• _TO DO_
If pictures appear among the lines below, leave them out while you return exactly the lines from the one with "Hanging Handmade earrings" through the one with "Inflatable Buzz Lightyear Costume (Adult)".
[INFORMATION PROVIDED]
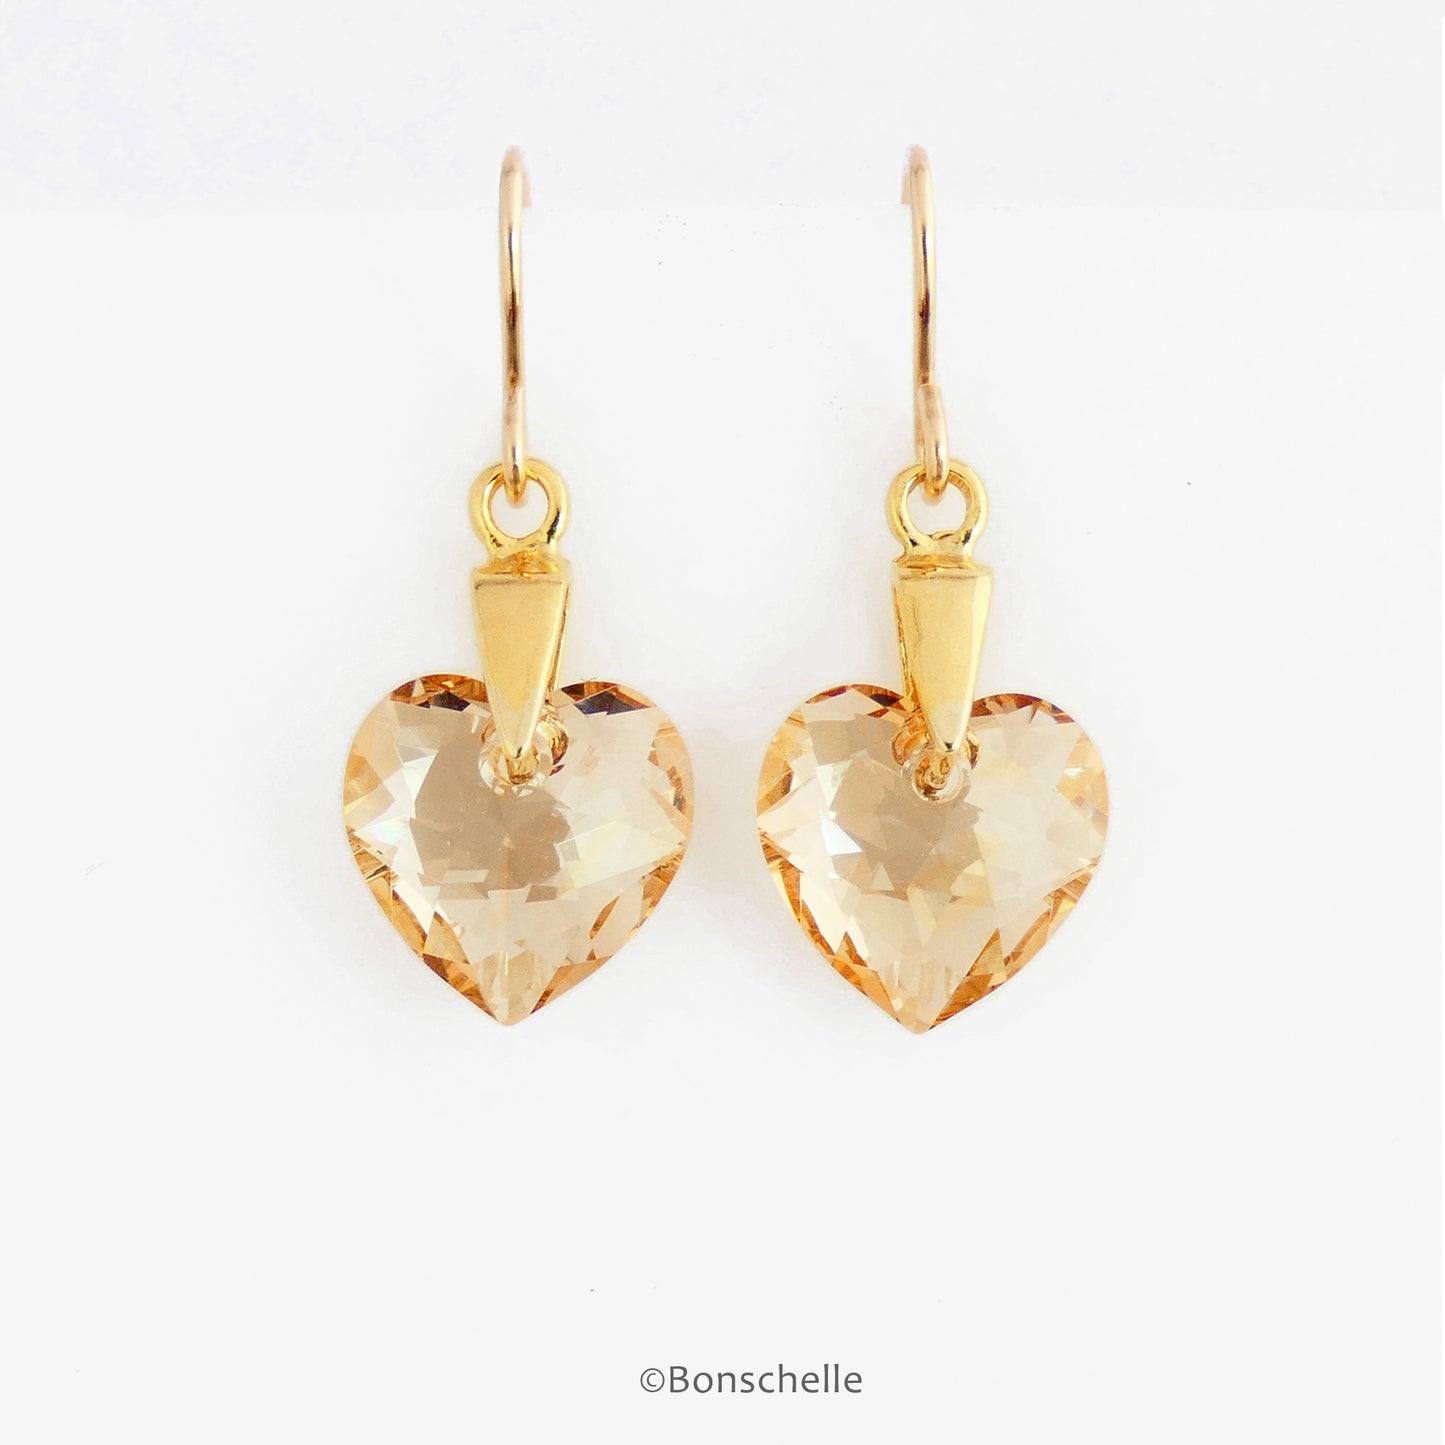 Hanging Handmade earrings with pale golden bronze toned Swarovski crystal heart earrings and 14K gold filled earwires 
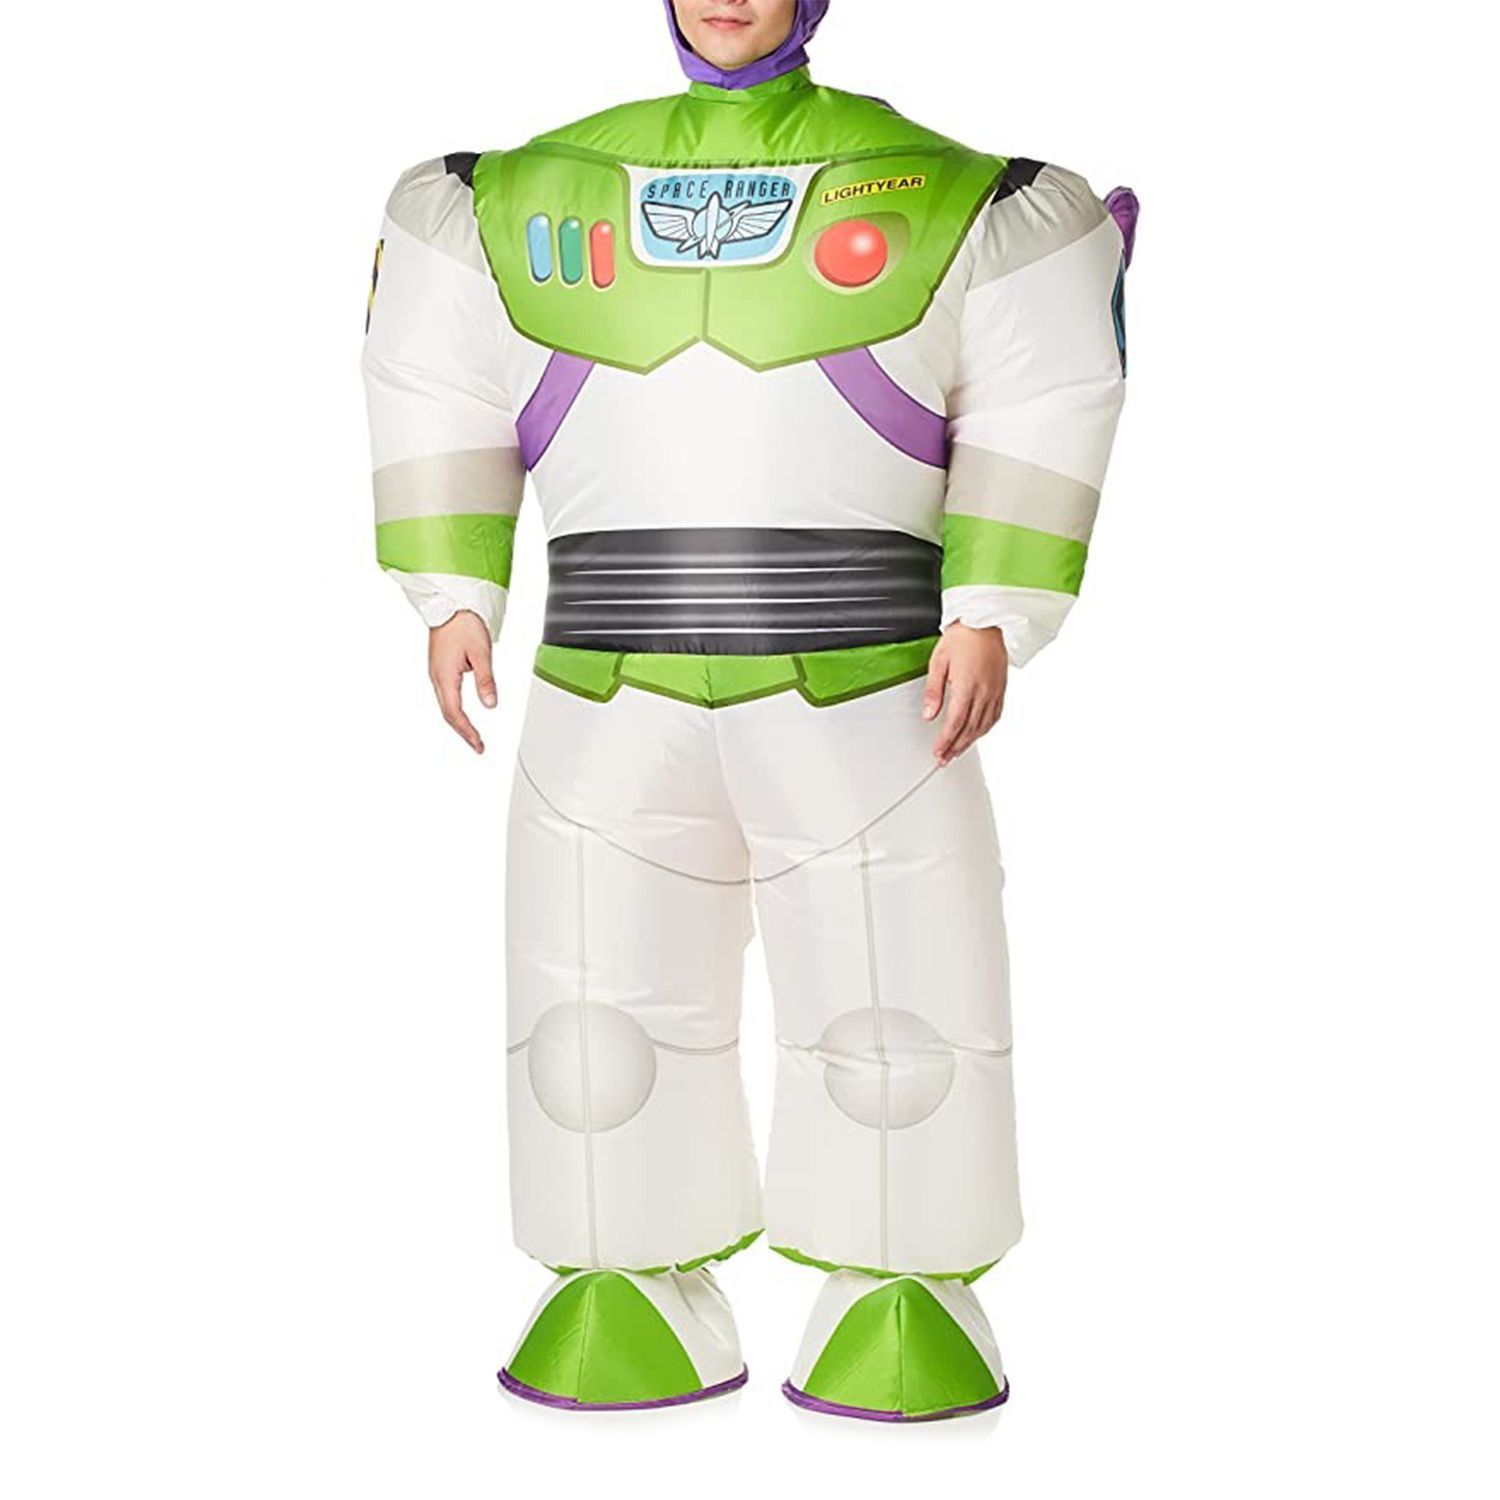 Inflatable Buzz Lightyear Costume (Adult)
[/INFORMATION PROVIDED]
[INFORMATION PROVIDED]
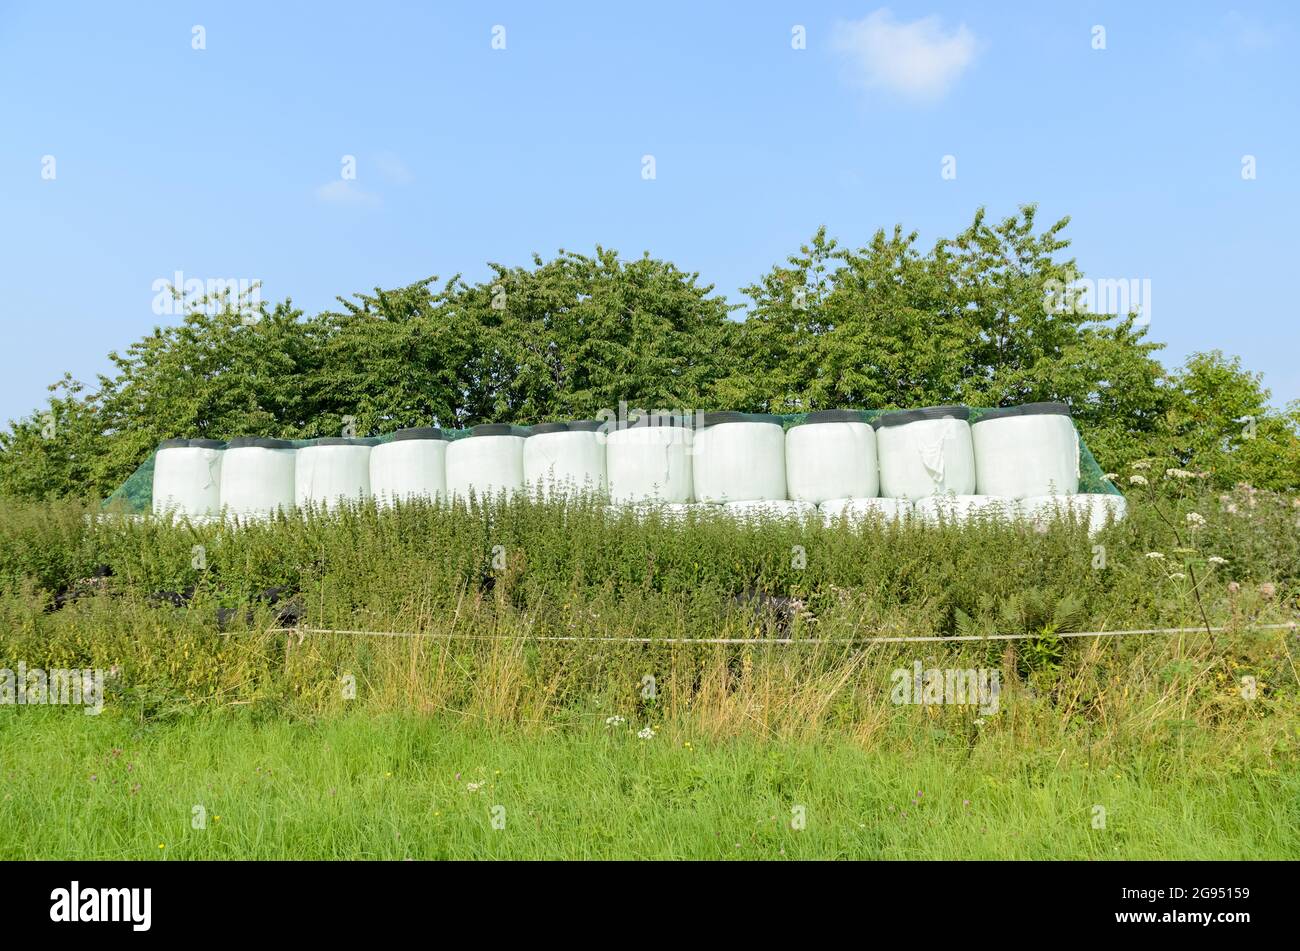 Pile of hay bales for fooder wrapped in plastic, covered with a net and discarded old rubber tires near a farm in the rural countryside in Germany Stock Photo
[/INFORMATION PROVIDED]
• _RESPONSE TO THE TASK_
 Hanging Handmade earrings with pale golden bronze toned Swarovski crystal heart earrings and 14K gold filled earwires 
 Inflatable Buzz Lightyear Costume (Adult)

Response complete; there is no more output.